## ACTION ITEM
Find "CLASSIC TEE LONG SLEEVE-BRIGHT PINK" in the listing below, then set down only that line and each later line, unchanged, leaving out pictures.

*** Opening DATA SHOWN ***

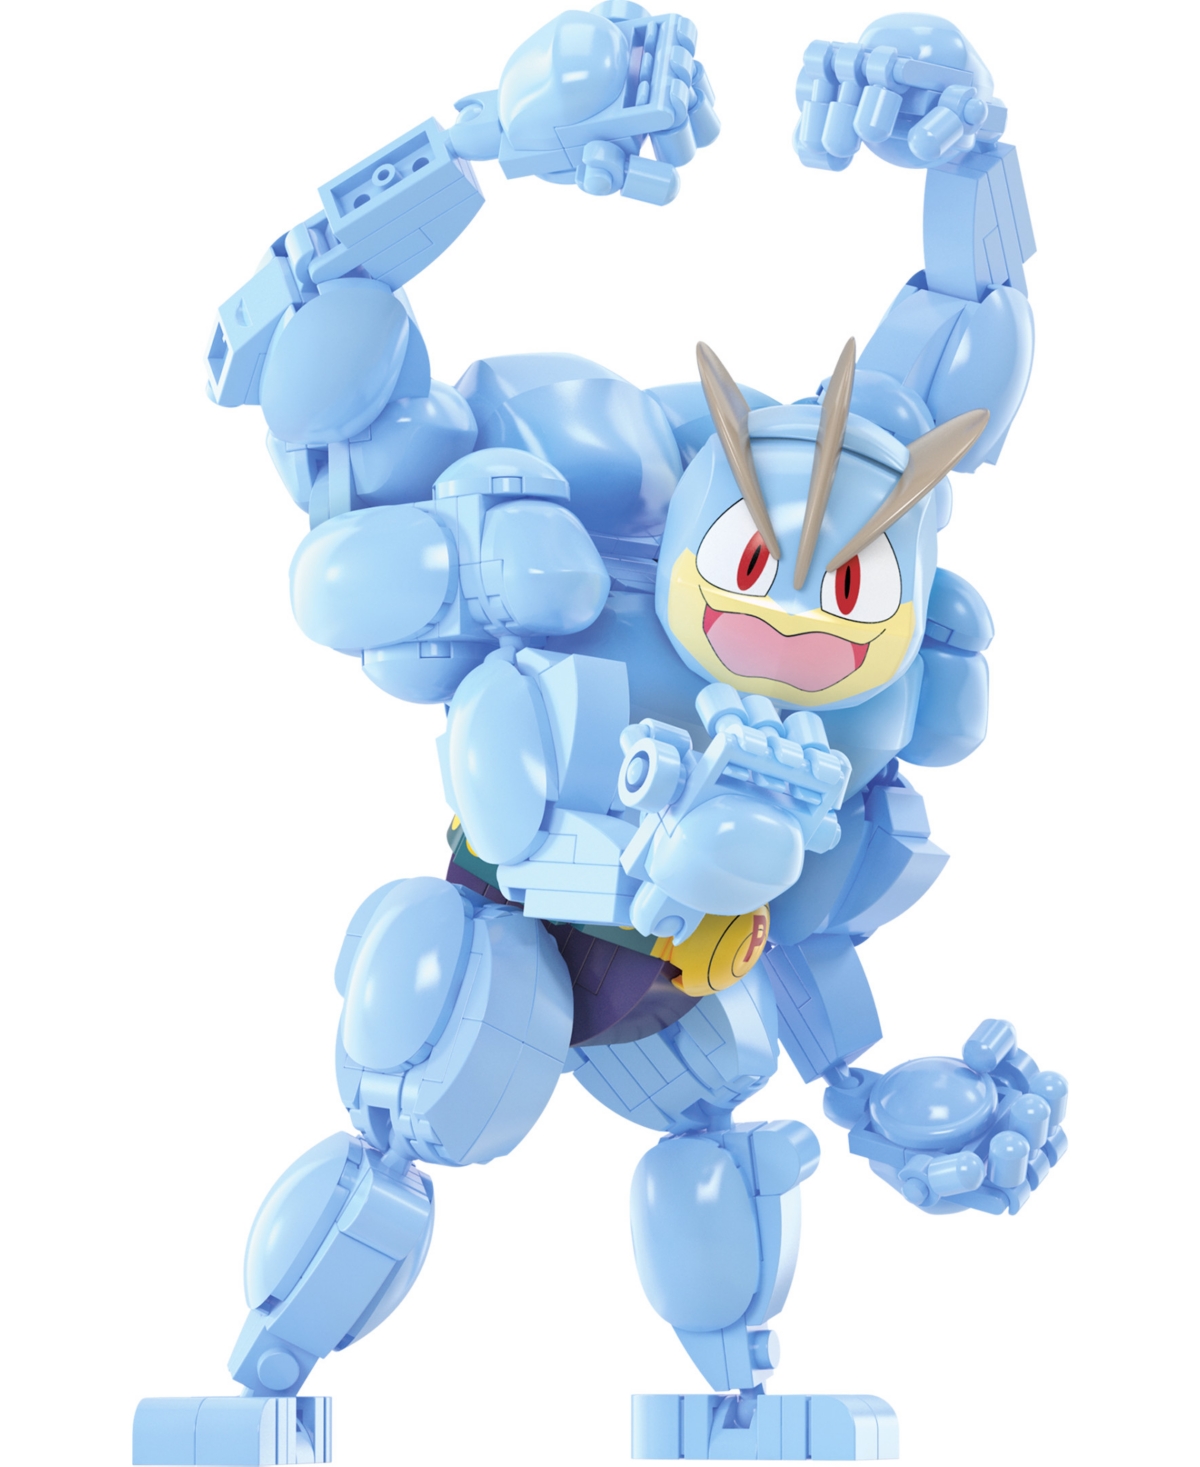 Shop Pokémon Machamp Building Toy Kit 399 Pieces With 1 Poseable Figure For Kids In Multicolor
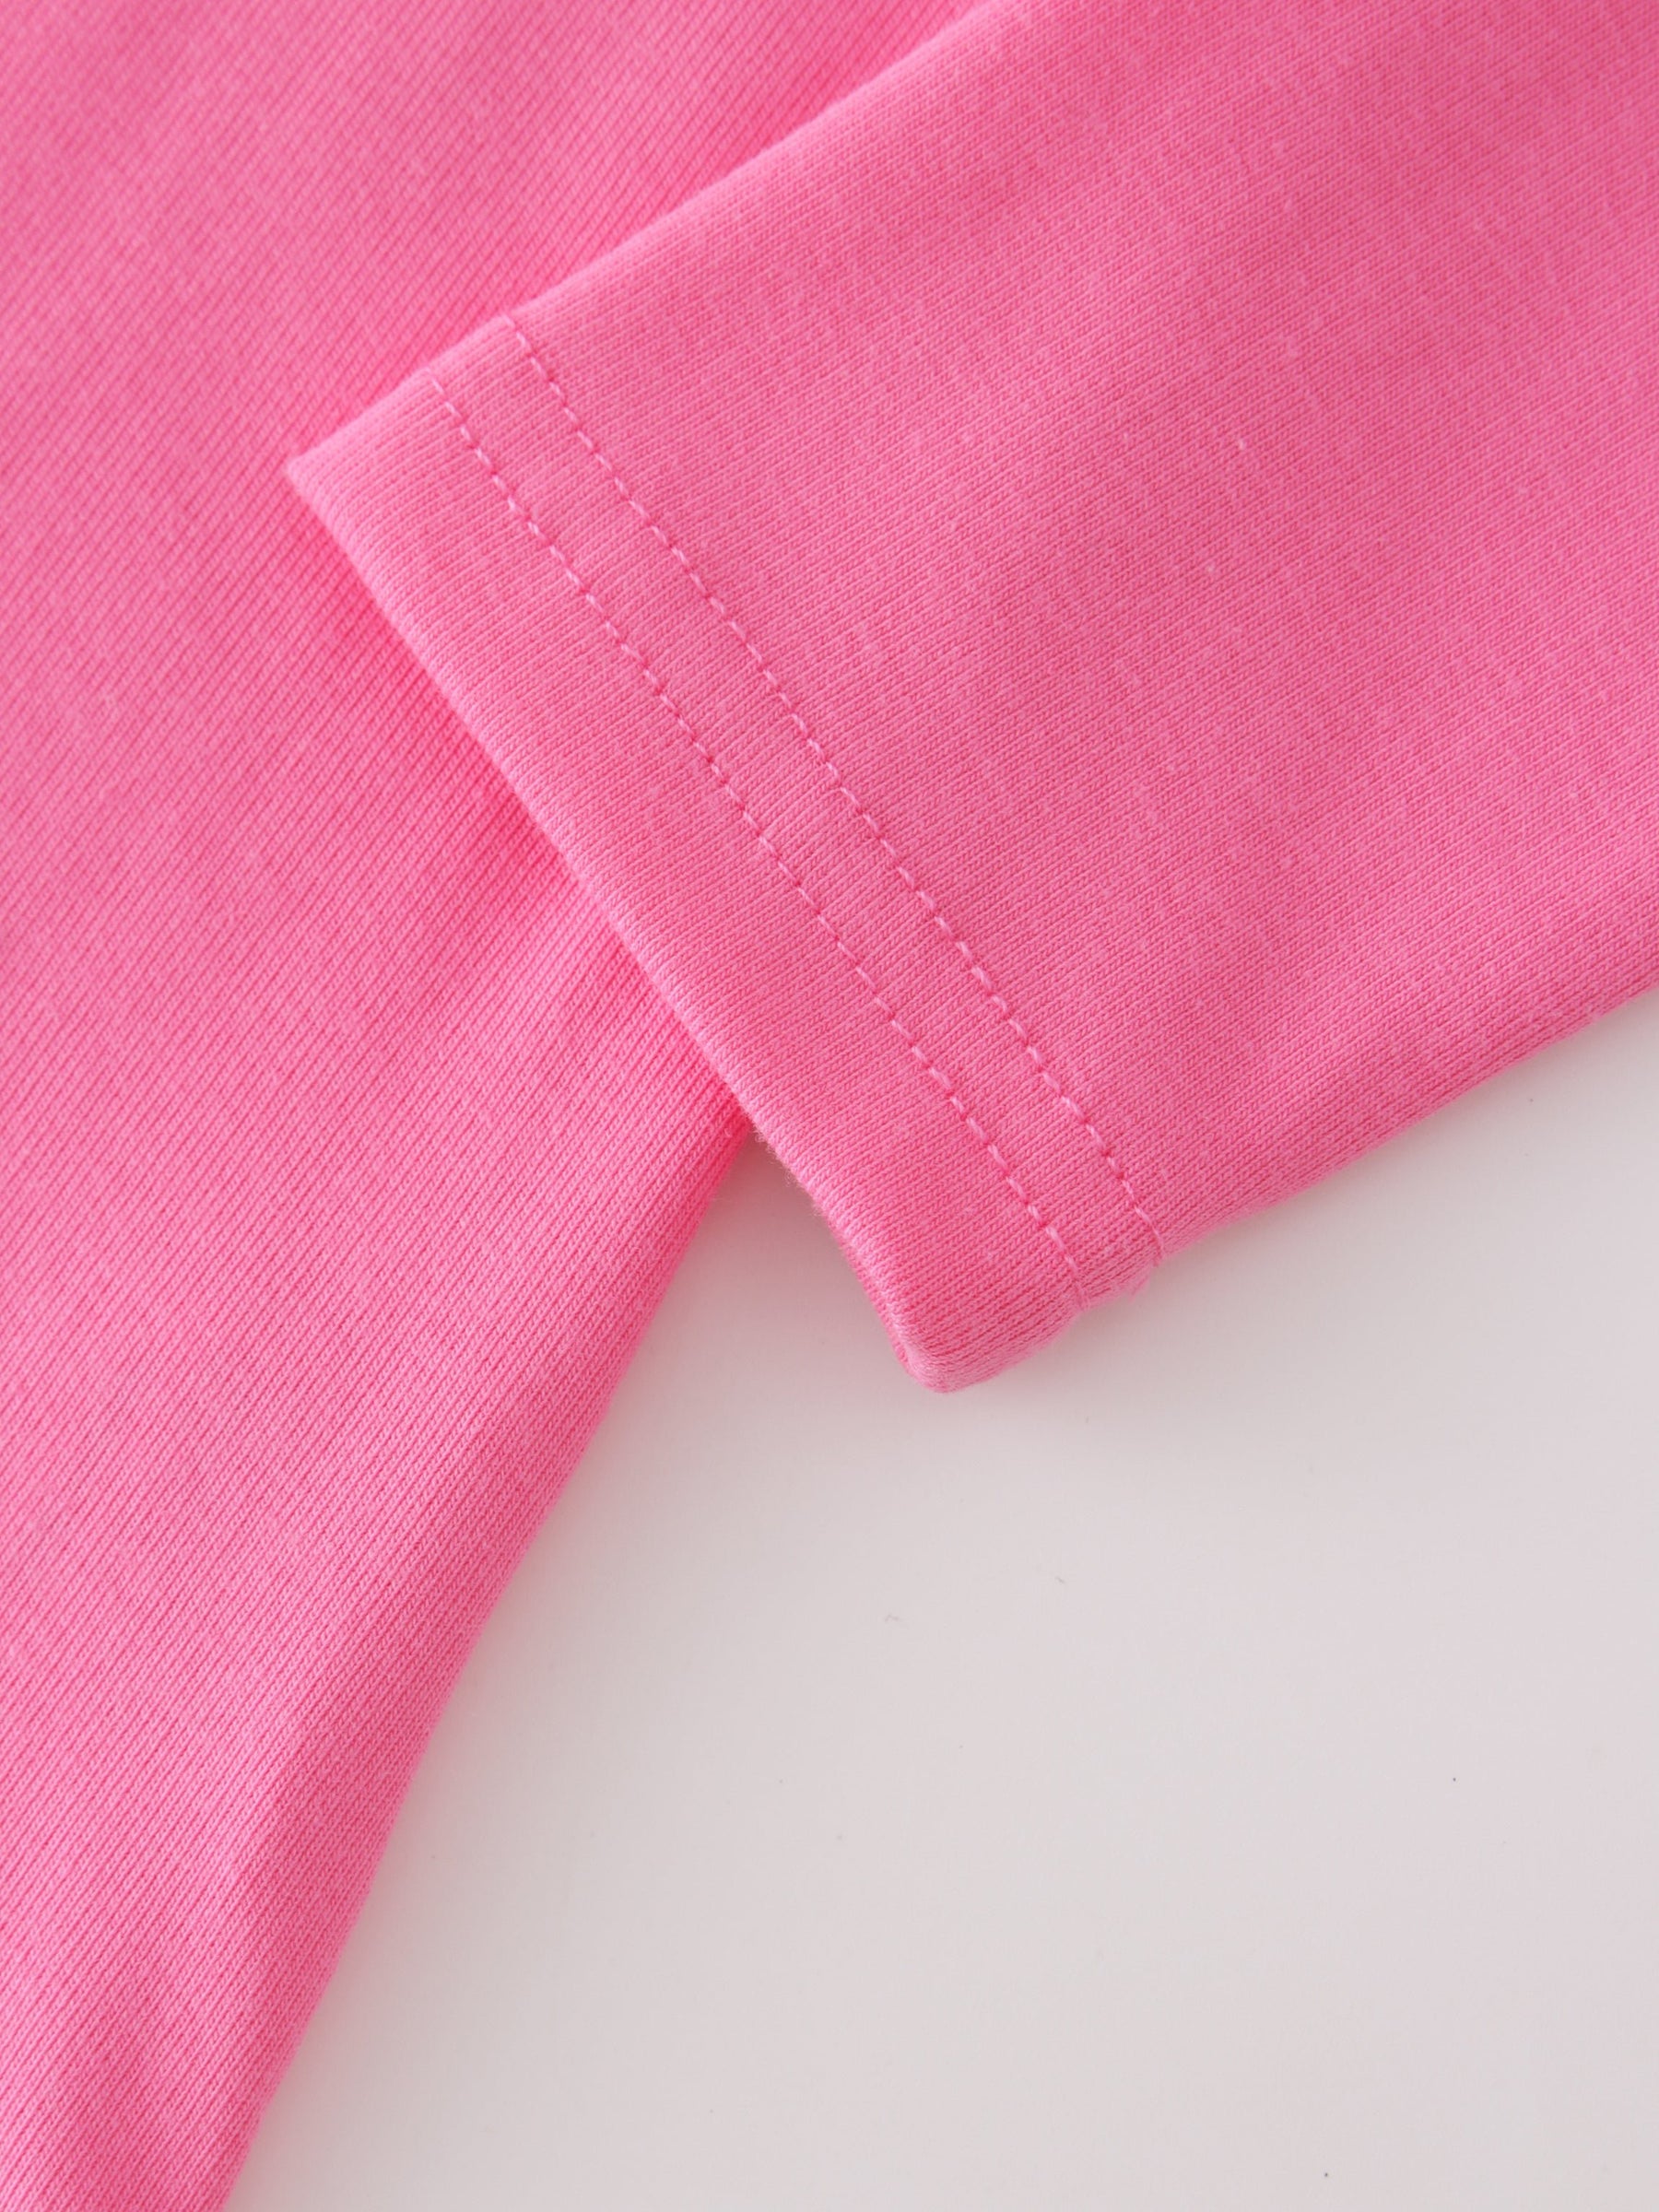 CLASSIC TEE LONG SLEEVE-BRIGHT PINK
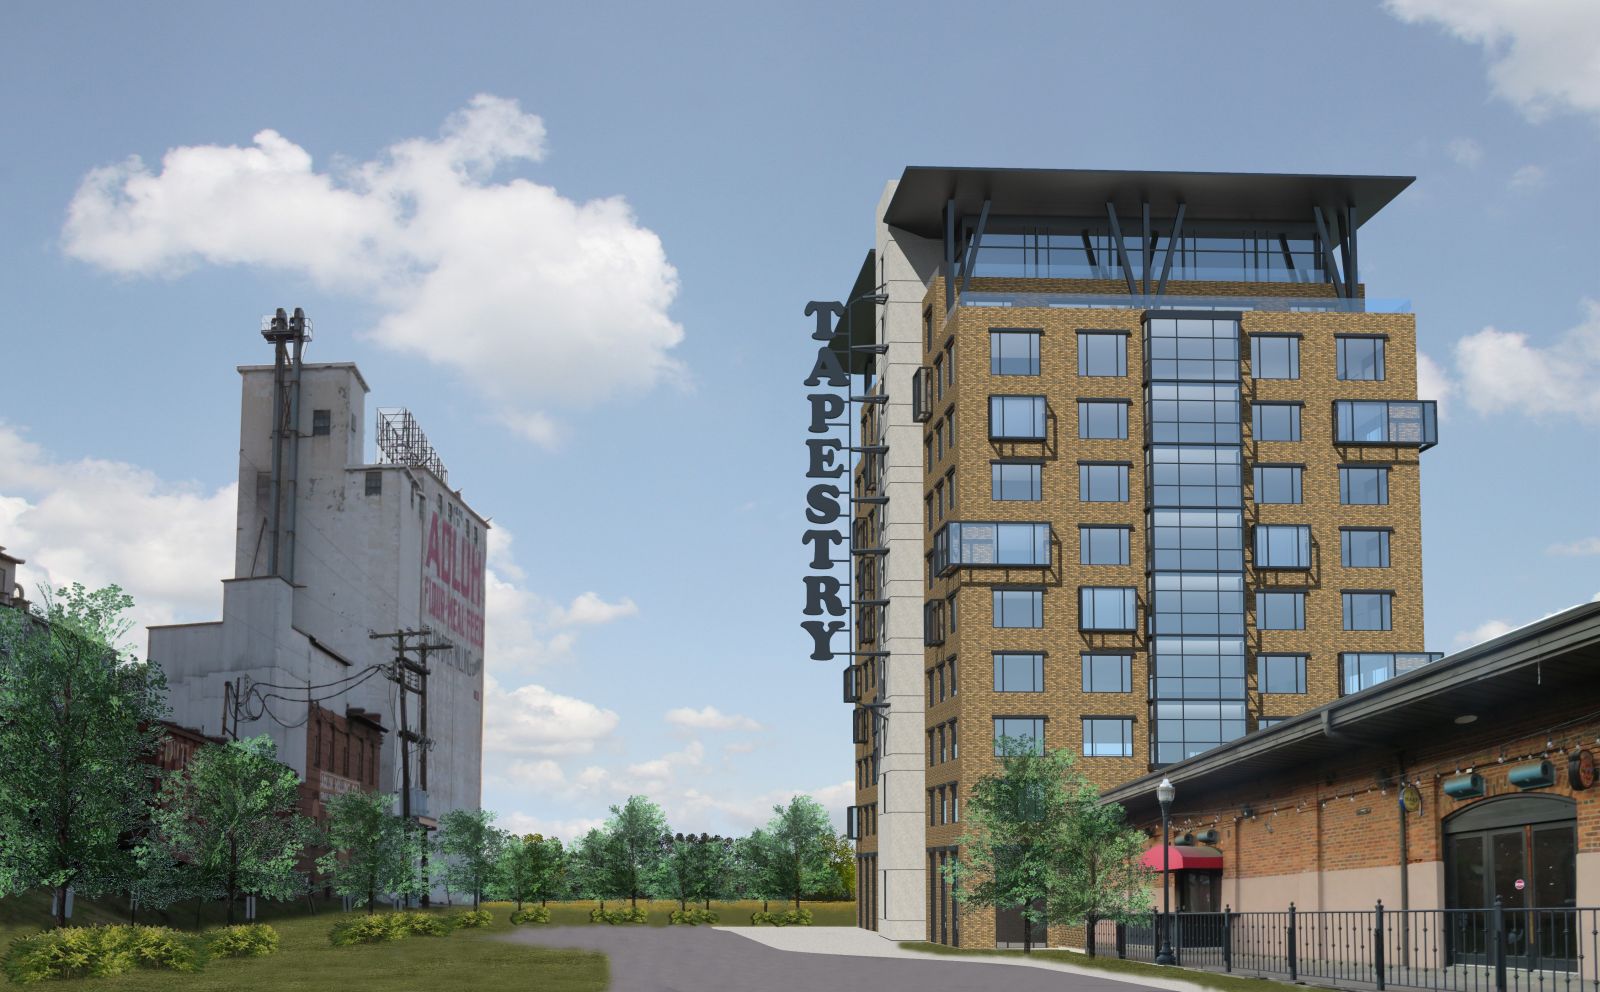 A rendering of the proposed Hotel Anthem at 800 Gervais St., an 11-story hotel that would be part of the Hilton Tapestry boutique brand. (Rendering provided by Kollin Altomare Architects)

*** Closing DATA SHOWN ***

## YOUR RESPONSE
 CLASSIC TEE LONG SLEEVE-BRIGHT PINK
 A rendering of the proposed Hotel Anthem at 800 Gervais St., an 11-story hotel that would be part of the Hilton Tapestry boutique brand. (Rendering provided by Kollin Altomare Architects)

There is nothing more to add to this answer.